Конечно, позднее я избавился от этих прельстительных мыслей, когда сам погрузился в атмосферу администрации совета и проникся драматичностью своих обязанностей.
На рассвете немцы осветили площадь светом прожекторов и автомобильных фар. Собралось довольно большое количество жителей — тысяча или полторы. Во всяком случае, площадь была заполнена, к удовлетворению властей. Стояла абсолютная тишина, нарушаемая лишь работающими моторами грузовиков. Почетные места заняли Шмиц со своим штабом, чины литовской полиции, солдаты и прочие. Господин Барбанель посоветовал мне остаться в спальне и не ходить на площадь до тех пор, пока все не закончится, но я отказался от его предложения. Наоборот, я пробрался сквозь толпу поближе к виселице.
Вывели портного. Он висел на плечах двух еврейских полицейских из гетто и был уже наполовину мертв. Ноги старика волочились по земле, он не мог идти, мне показалось, что у него сломаны ноги. Полицейские подняли старика по ступеням на помост и держали его под руки, пока еще один полицейский связывал ему руки за спиной и накидывал петлю на шею.
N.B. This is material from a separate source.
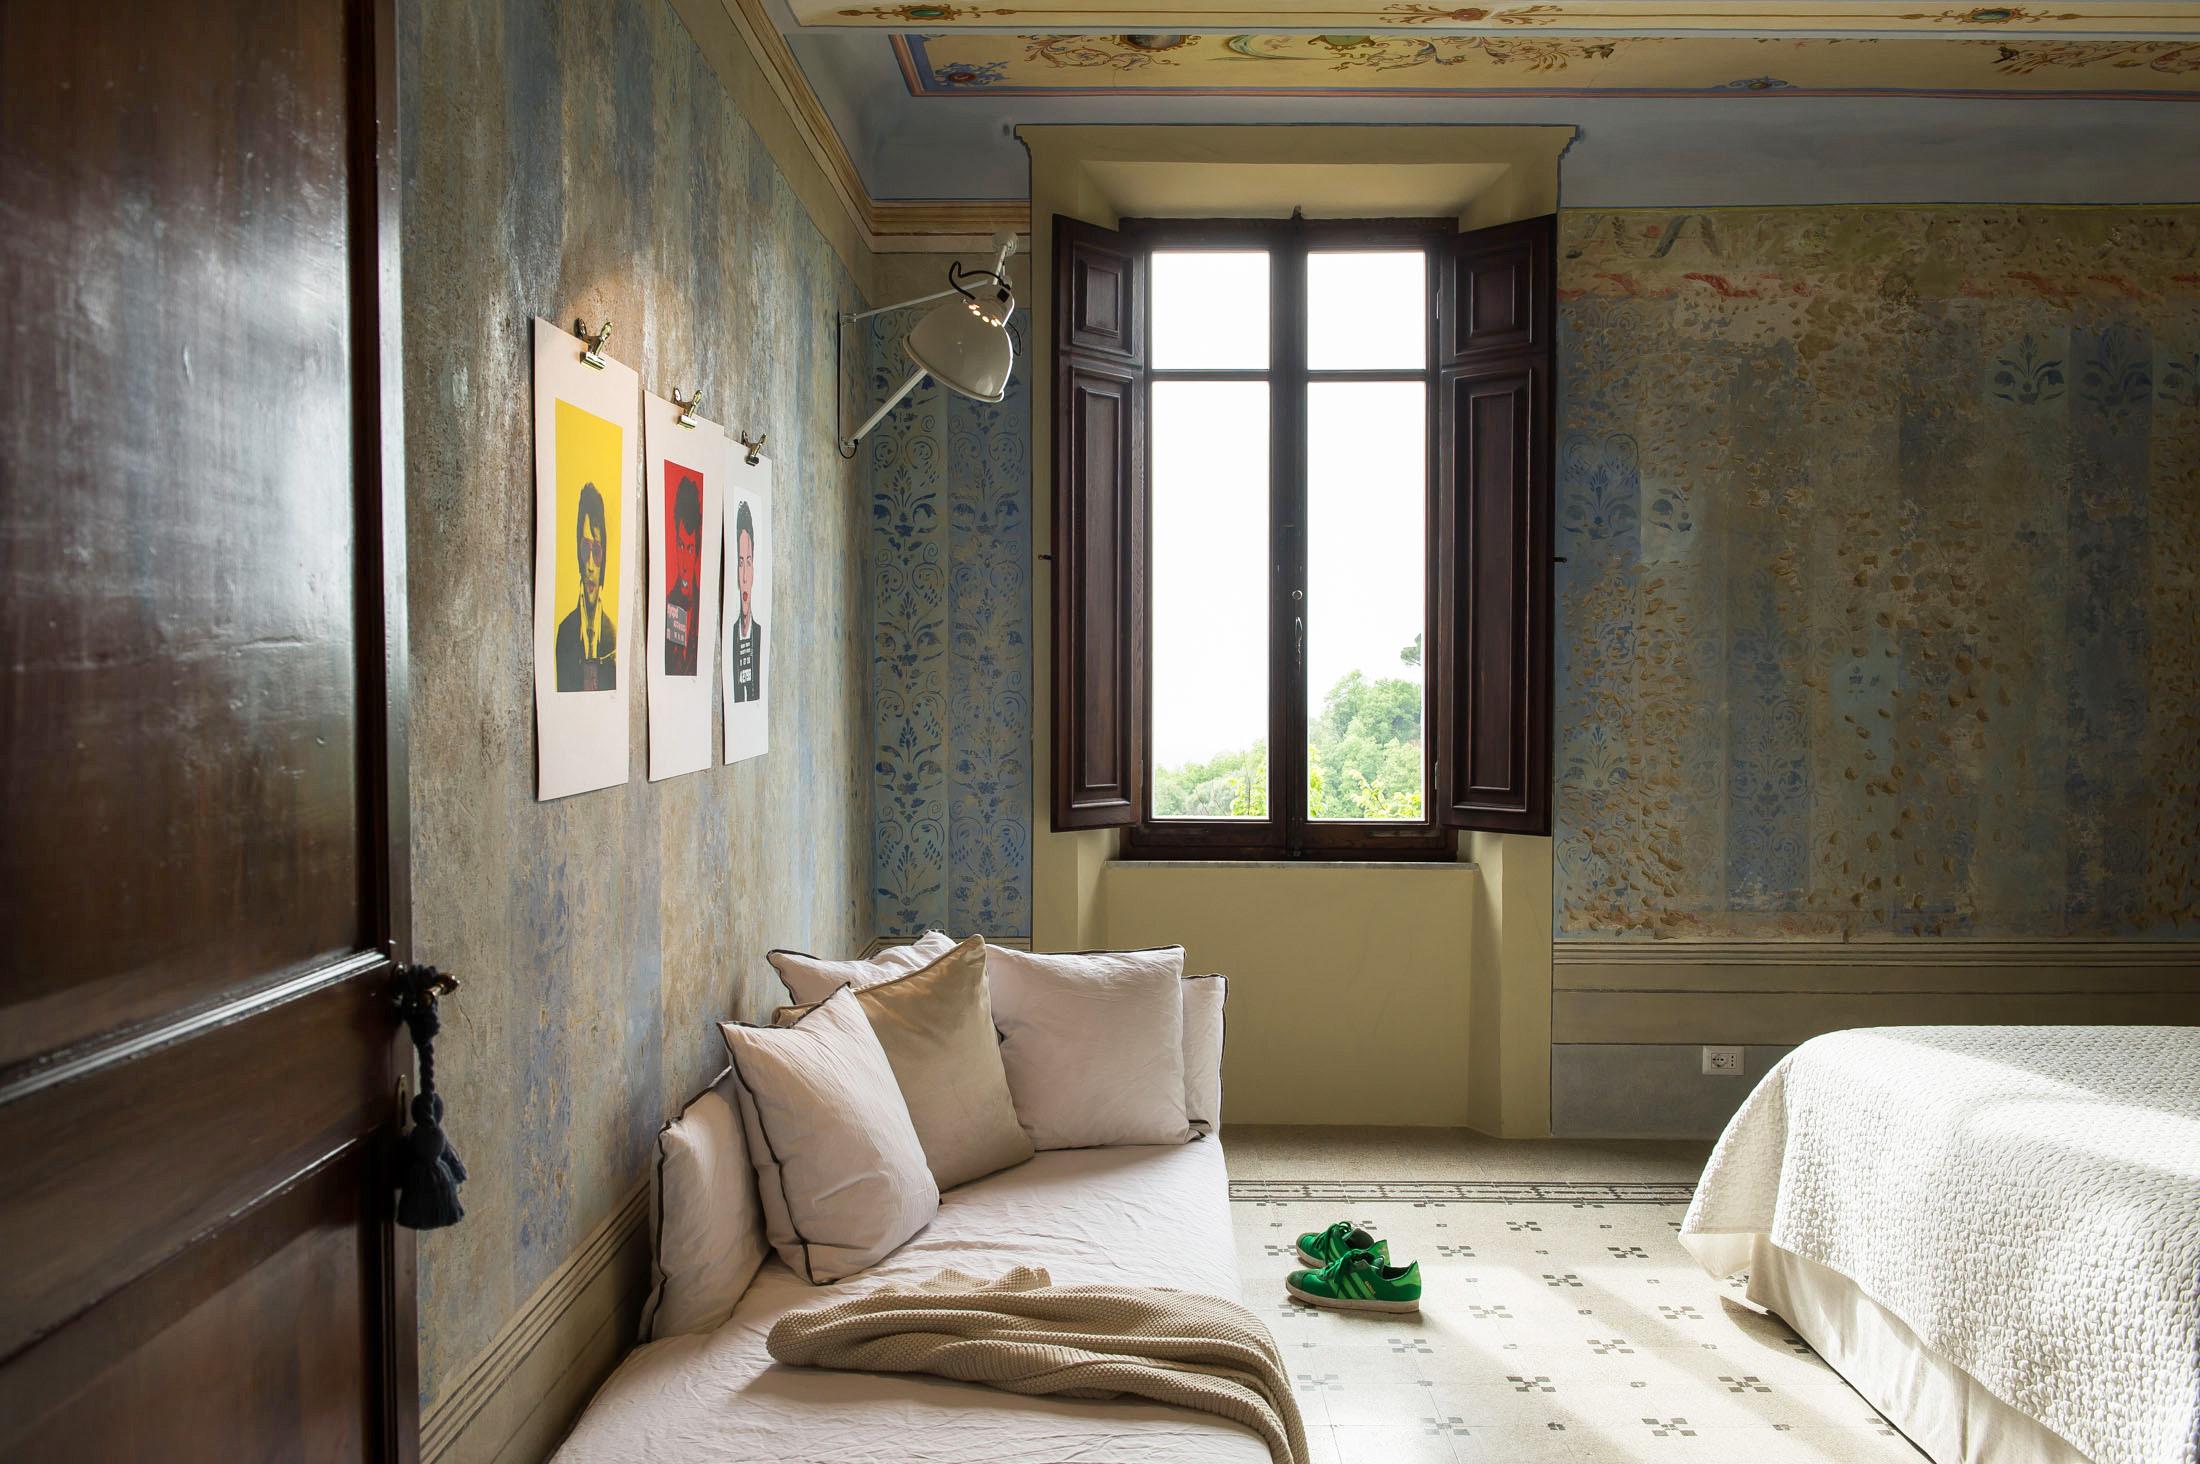 MAZZINI 31 BEDROOM 3 A

Его руки, эти ловкие искусные руки, которыми я так восхищался, были изуродованы и покрыты запекшейся кровью. Когда настало последнее мгновение и полицейский был уже готов выбить табурет из-под ног господина Сребницкого, старик словно очнулся от своего мучительного беспамятства. Он поднял голову и, я уверен в этом, ясно увидел сцену, оценив ее величие; это был час его славы. Ты спросишь, откуда я могу это знать, и я отвечу: я видел, и мы все видели обгоревшие останки погибших в больнице, мы знали о безымянной машине смерти, которая из пулеметов расстреливала людей в форте. Сейчас я думаю, что в глазах старика вспыхнул огонь торжества, когда палач выбил из-под его ног табурет и его невесомое хрупкое тело повисло на веревке, затянутой на шее. Не было ни единой судороги, он не боролся со смертью, и жизнь покинула его почти мгновенно. Высокие чины расселись по машинам и уехали, солдаты разошлись, а рабочие команды построились, вышли в ворота и направились к мосту. Какой-то эсэсовец повесил на грудь старика грубо написанную табличку: «Этот еврей осмелился поднять руку на немецкого офицера».